(What is needed) Write out the listing exactly, dropping any picture it contains.

=== Material provided ===

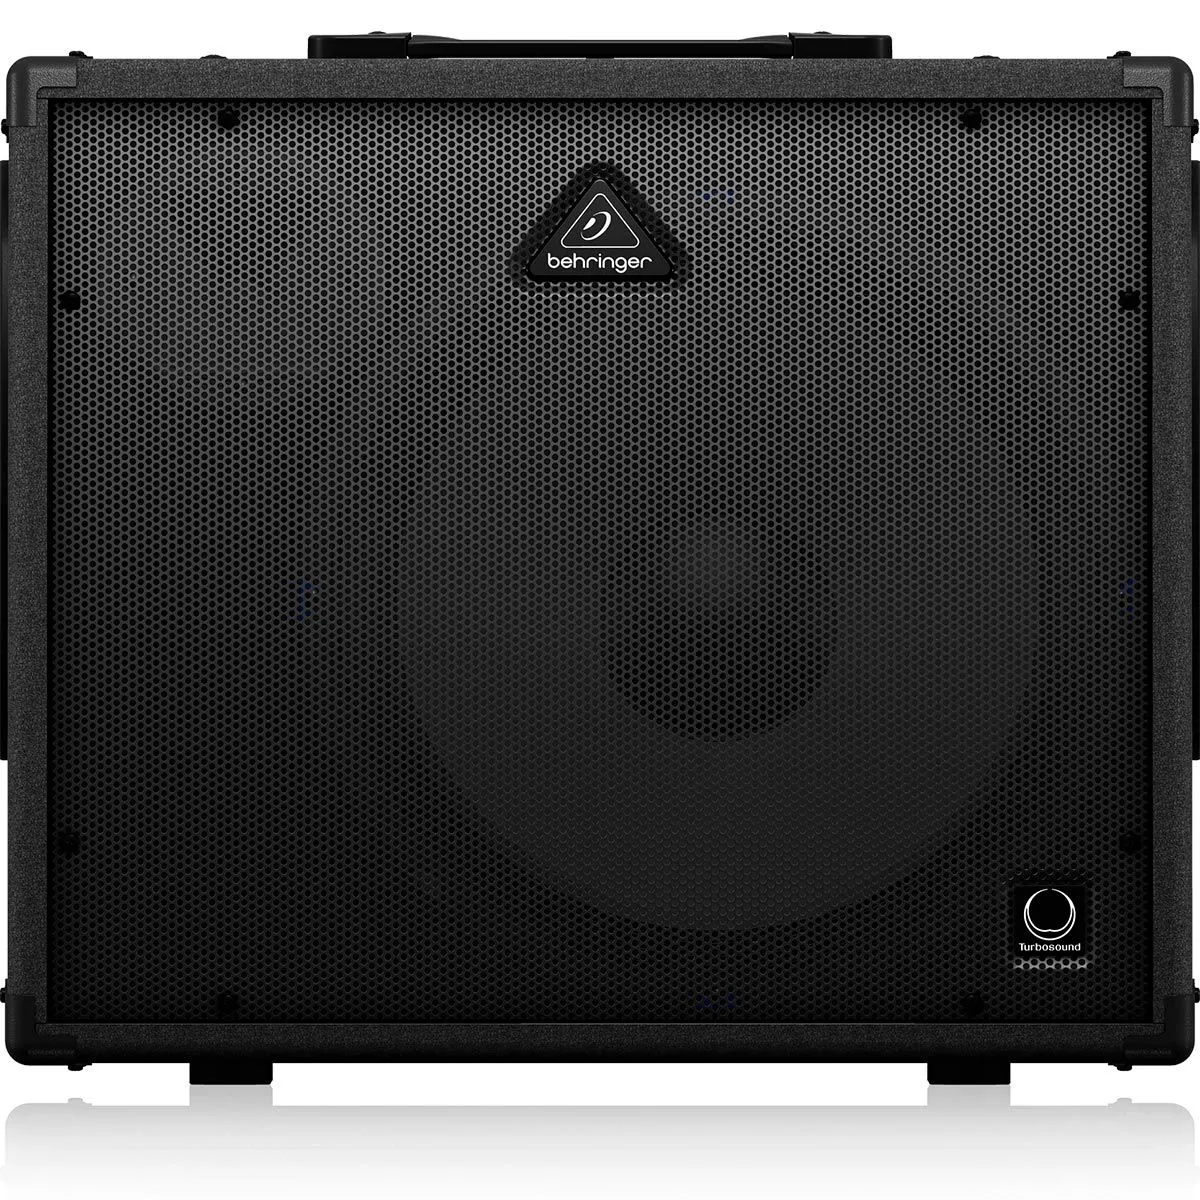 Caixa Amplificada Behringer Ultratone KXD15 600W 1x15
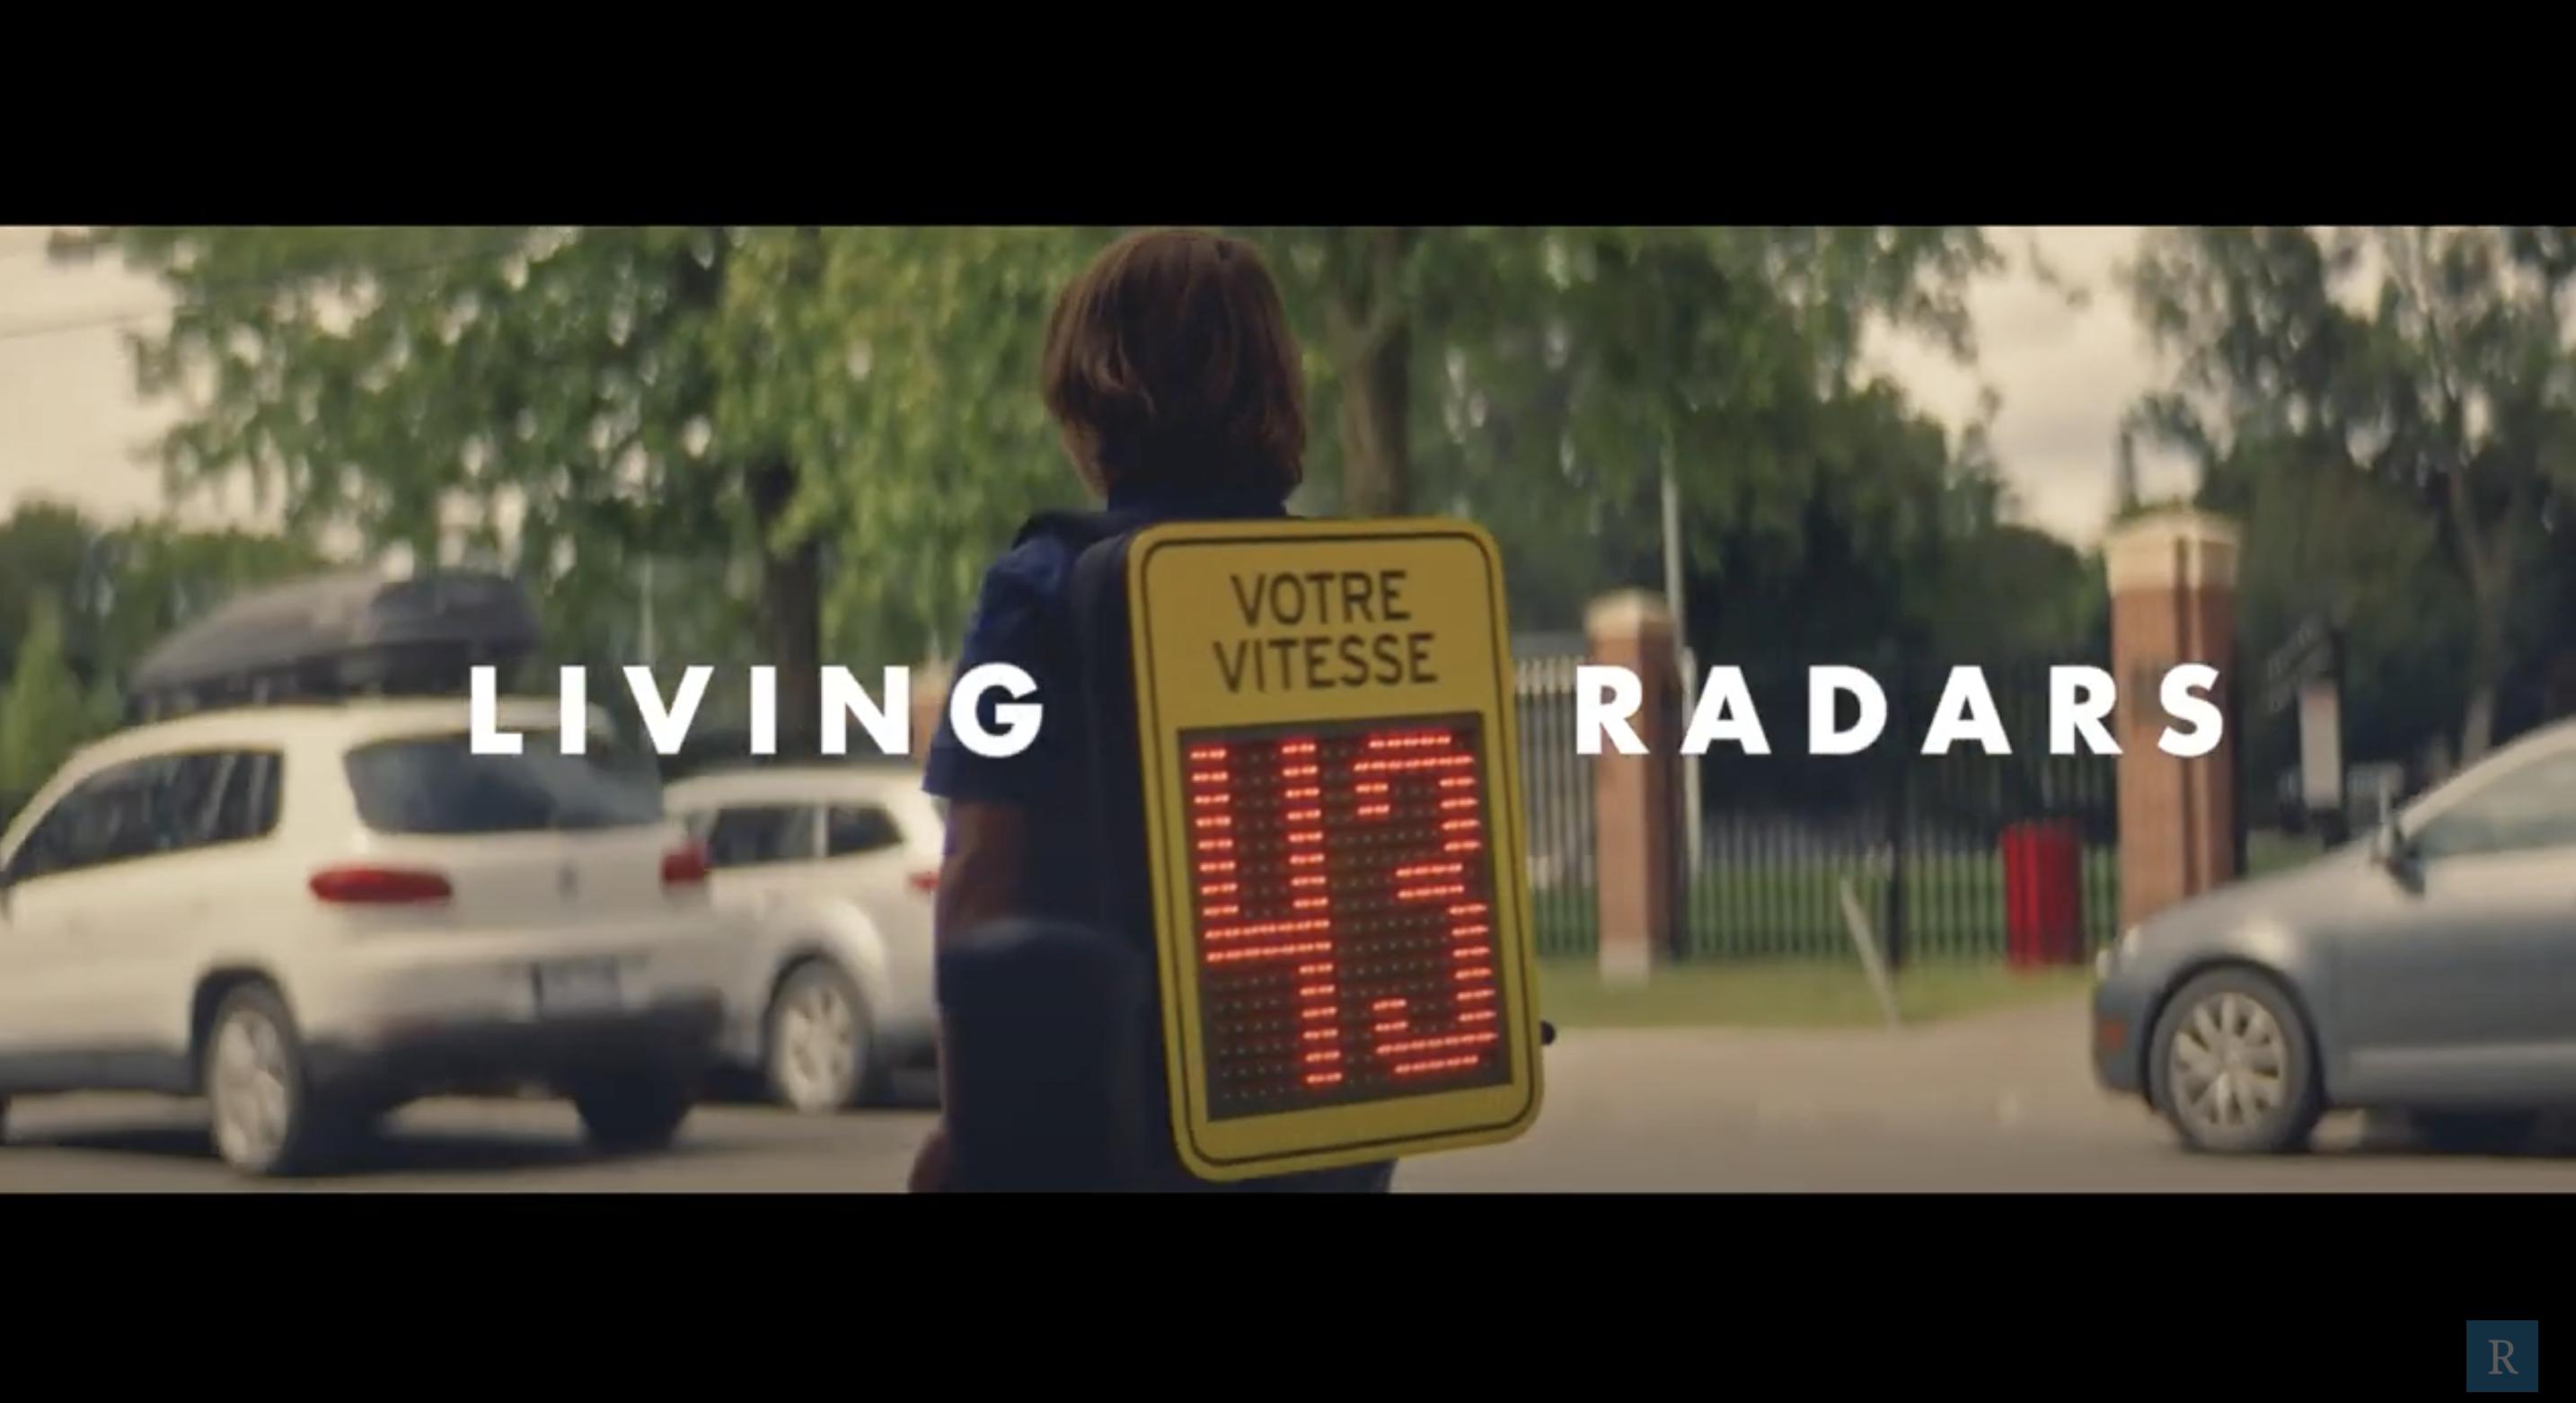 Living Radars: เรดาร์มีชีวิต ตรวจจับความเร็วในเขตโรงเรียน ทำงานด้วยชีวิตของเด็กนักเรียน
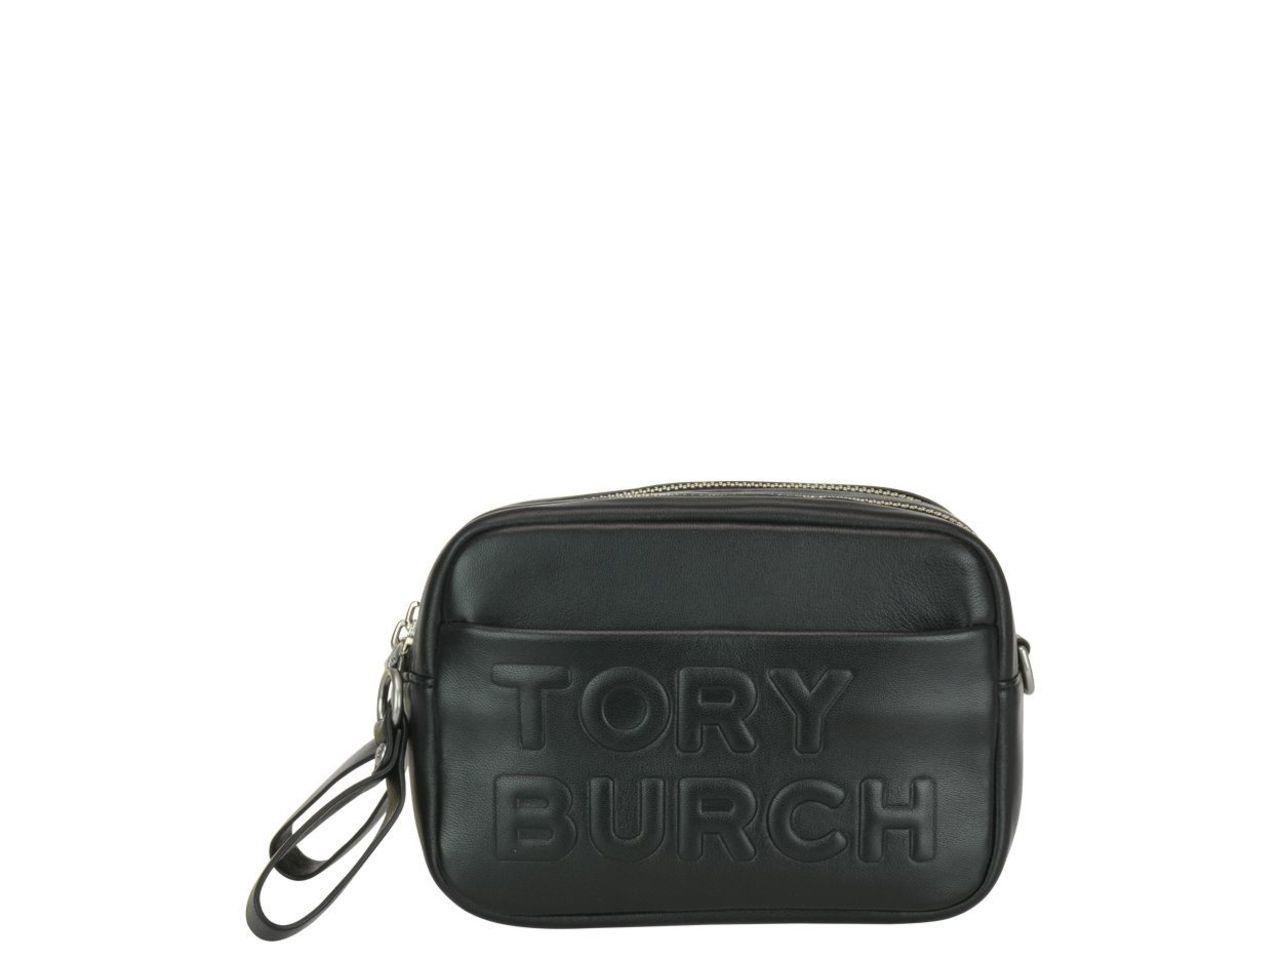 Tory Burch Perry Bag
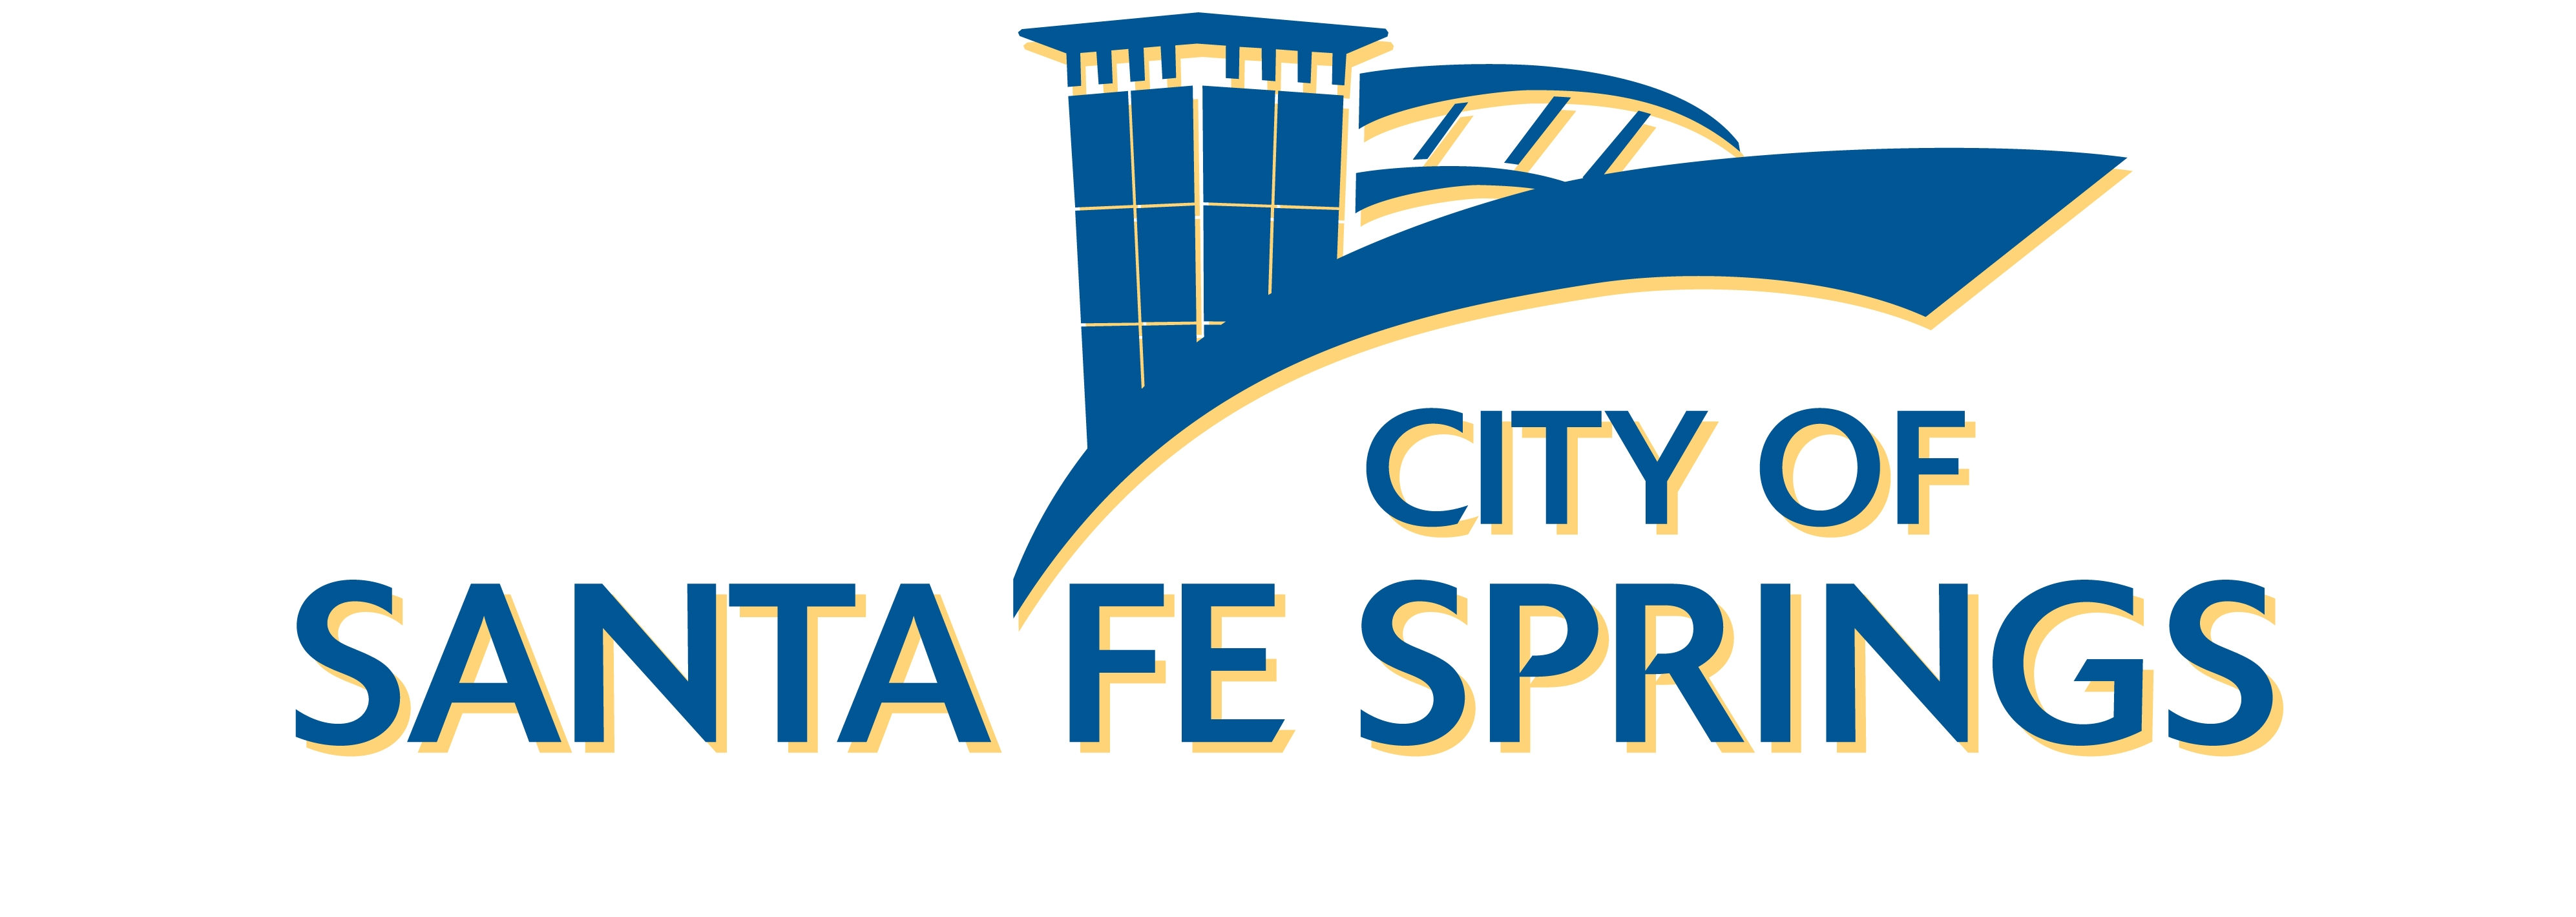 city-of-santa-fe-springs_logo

===

(Exercise response)
 Caixa Amplificada Behringer Ultratone KXD15 600W 1x15
 Living Radars: เรดาร์มีชีวิต ตรวจจับความเร็วในเขตโรงเรียน ทำงานด้วยชีวิตของเด็กนักเรียน
 Tory Burch Perry Bag
 city-of-santa-fe-springs_logo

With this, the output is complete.